SPEAKER_00And but the important part was is that it's not nothing is black or white, right? And this is just something that I've just started to learn. Like, you know what I mean? I I'm I'm I'm just figuring this out and and having this conversation openly in therapy where I'm having this this idea that there there's like a space in between, right? Like, I've gone so much of my life where it's like, no, it has to be this or it has to be that. It cannot it's not it can't be it can't be sort of clean. It needs to be fucking pristine or it needs to be disgustingly dirty. Let's figure out where we're gonna live. What kind of people are we? You know, and it's like it's just you can't live your life like that. You drive yourself fucking crazy. And I know I drove you crazy, um, trying to get you to be something that you could never be. And it's not that not that you're not, you're not a dirty person by any stretch of the imagination. You were just make sure you let your podcast know that.
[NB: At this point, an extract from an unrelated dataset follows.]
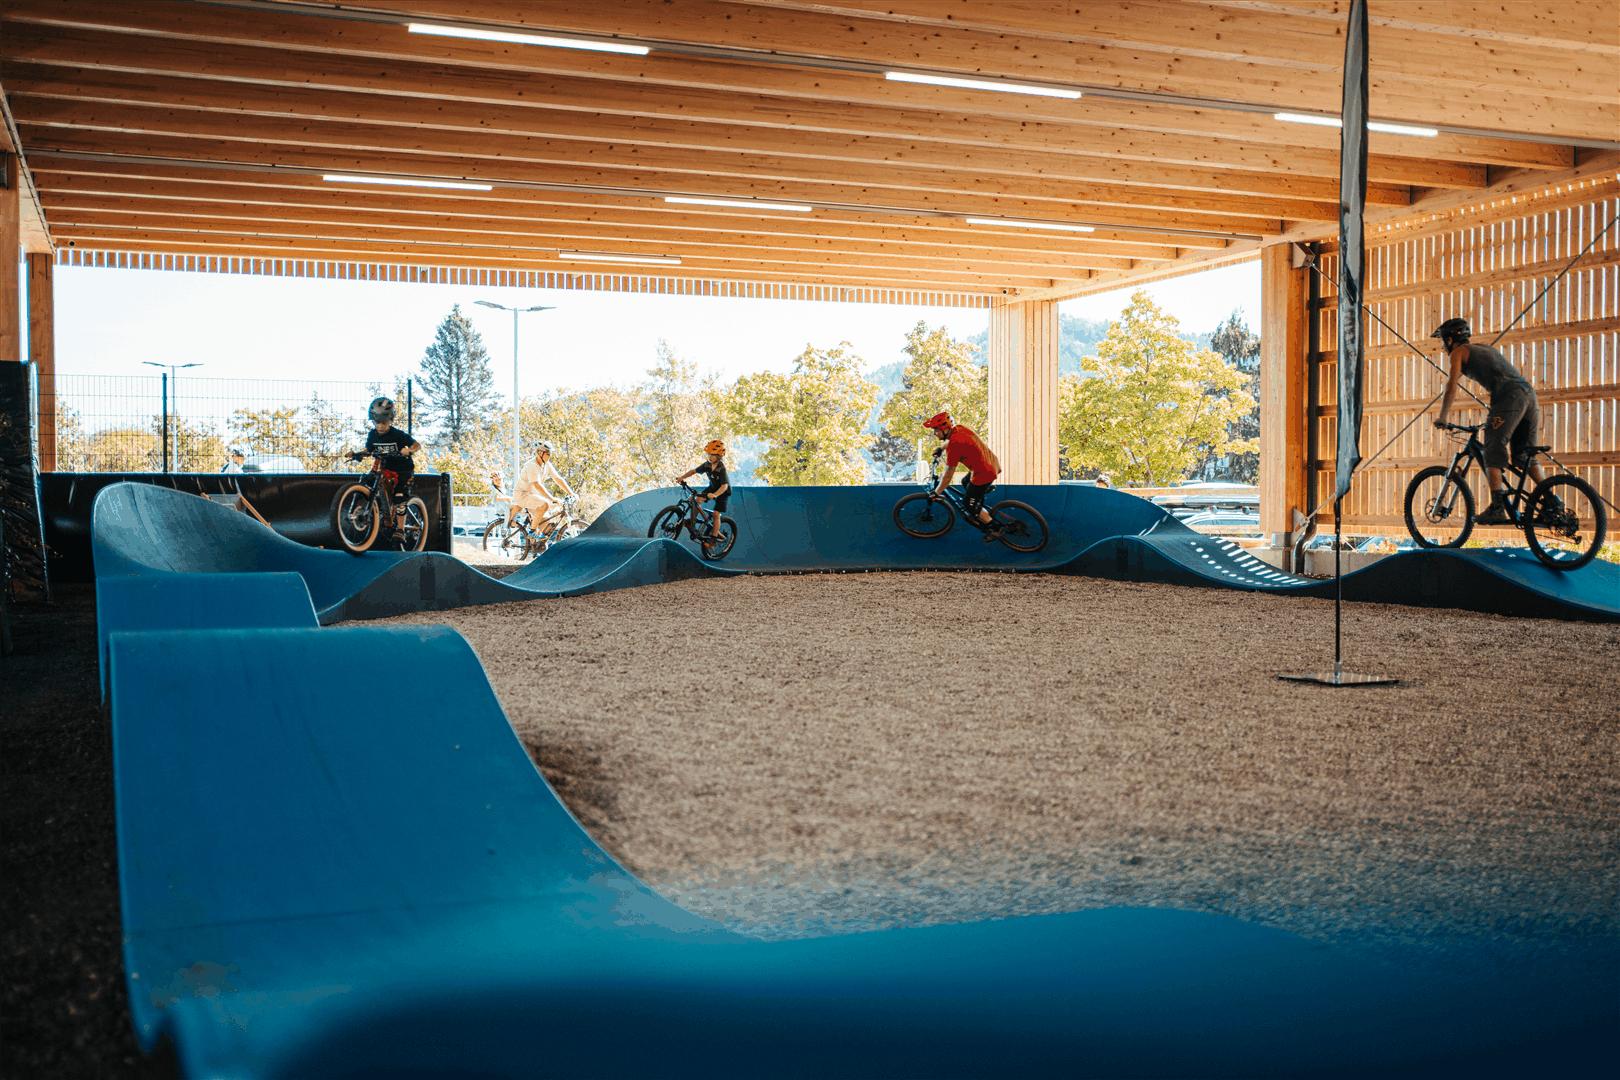 Aktivitäten Villach Faaker See Ausflugsziel Pumptrack Biken Kärnten

No, you're but you're not. You're not, you really are. And you at one time you were. I mean, sure, when you were fucking 19, you were a disaster.
SPEAKER_01But yeah, so was literally we were teenagers.
SPEAKER_00Right. I was a fucking disaster too. And but, you know, as you grow together, like uh we I just said this to you uh was it like three days ago? I I don't think we've had that argument in years, you know, like that used to be like a huge point of contention, and now it is just not even it's not even in in the sphere of arguments that we have.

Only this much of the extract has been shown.